After I ran up the aisle and kissed my mother, I remember only that her cheek was cold as stone in winter and that it shocked me.
Someone took me home. I was not at my mother’s funeral. They told me that my father was there, but he did not come to the house.
I am not exactly an orphan, but I feel like one.
My older cousin Brites tries to console me. She is not exactly an orphan either. Her father, my uncle, died before she could remember him. When she was little, her mother brought her and her brother to our grandmother’s house, and she did not come back for them. Brites misses her mother too.
She said, you know what I do? I take my pillow and pretend that it is my mother, and I hug it. It helps.

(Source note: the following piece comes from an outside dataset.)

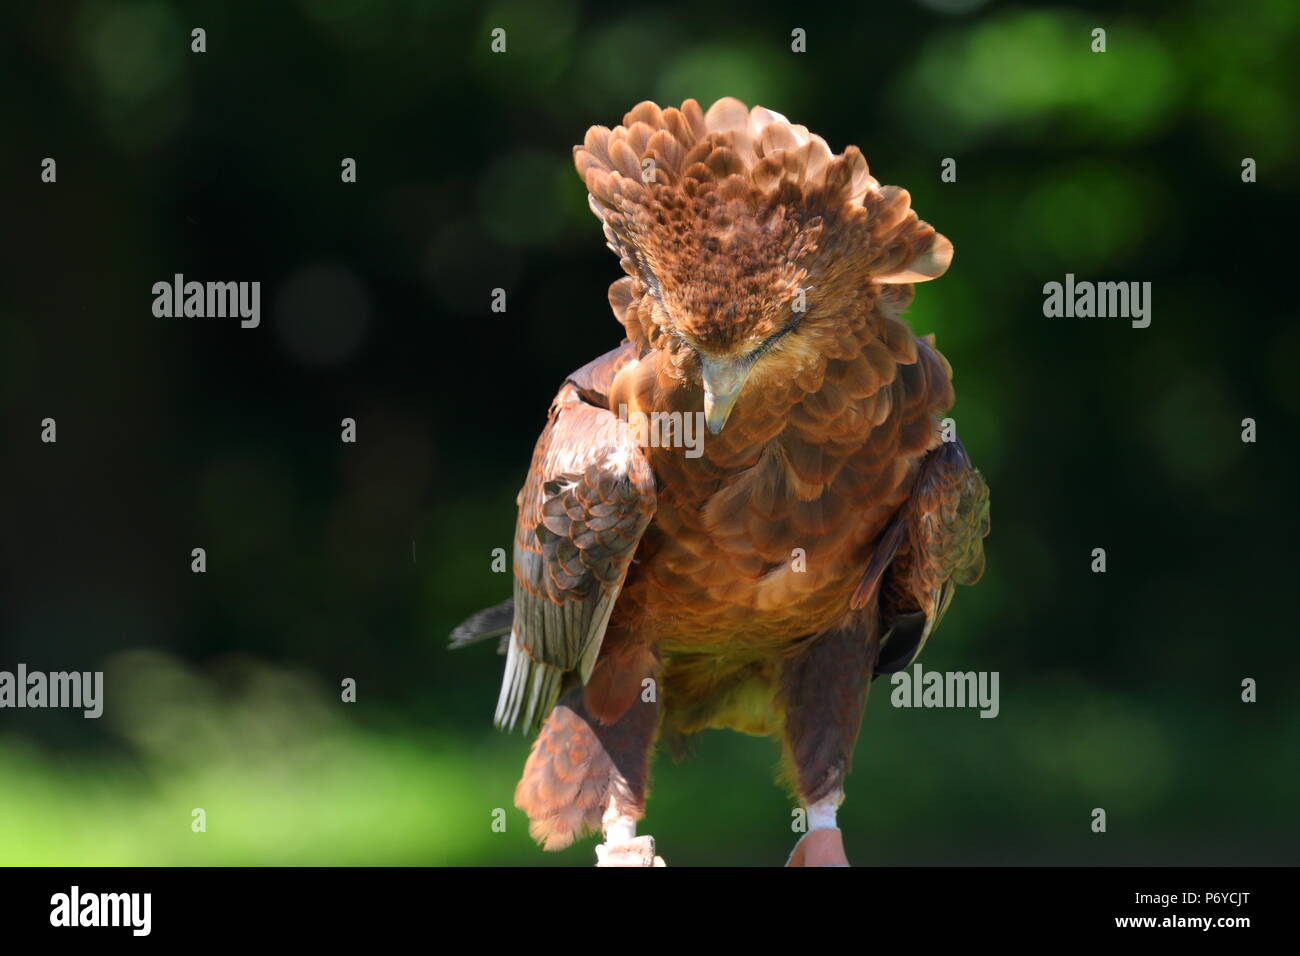 Ein Bachelor Adler im Paradise Park in Hayle, Cornwall auf Anzeige bei einer Ihrer Adler zeigt. Stockfoto

That night, I take my pillow, but I don’t want to hug it. I hurl it across the room. I am about to go and pick it up when I remember Titi in the other bed. She looks asleep, but I don’t take the chance of waking her. I sleep without my pillow.
I have a dream. There is a place that does not look real. It is outdoors. The sky has grey and blue clouds. Everything is glowing with a strange blue light. To the side, I see a stream of people, all dressed in simple gowns, slowly walking past me. Each person walks alone, one behind another. They do not look at me. They look in the distance, straight ahead.
I see my mother. She looks different, but I am sure it is my mother. She is like the others, walking past me, looking in the distance. I call out to her. She does not seem to hear me.
Someone lets me know that my mother has to go on her own journey. But she will be fine. And I too, will be fine.
Many years later, when I saw “View of Toledo” by El Greco, it was like seeing the landscape in that dream. Instead of the line of towers, there was a line of people that started at my left.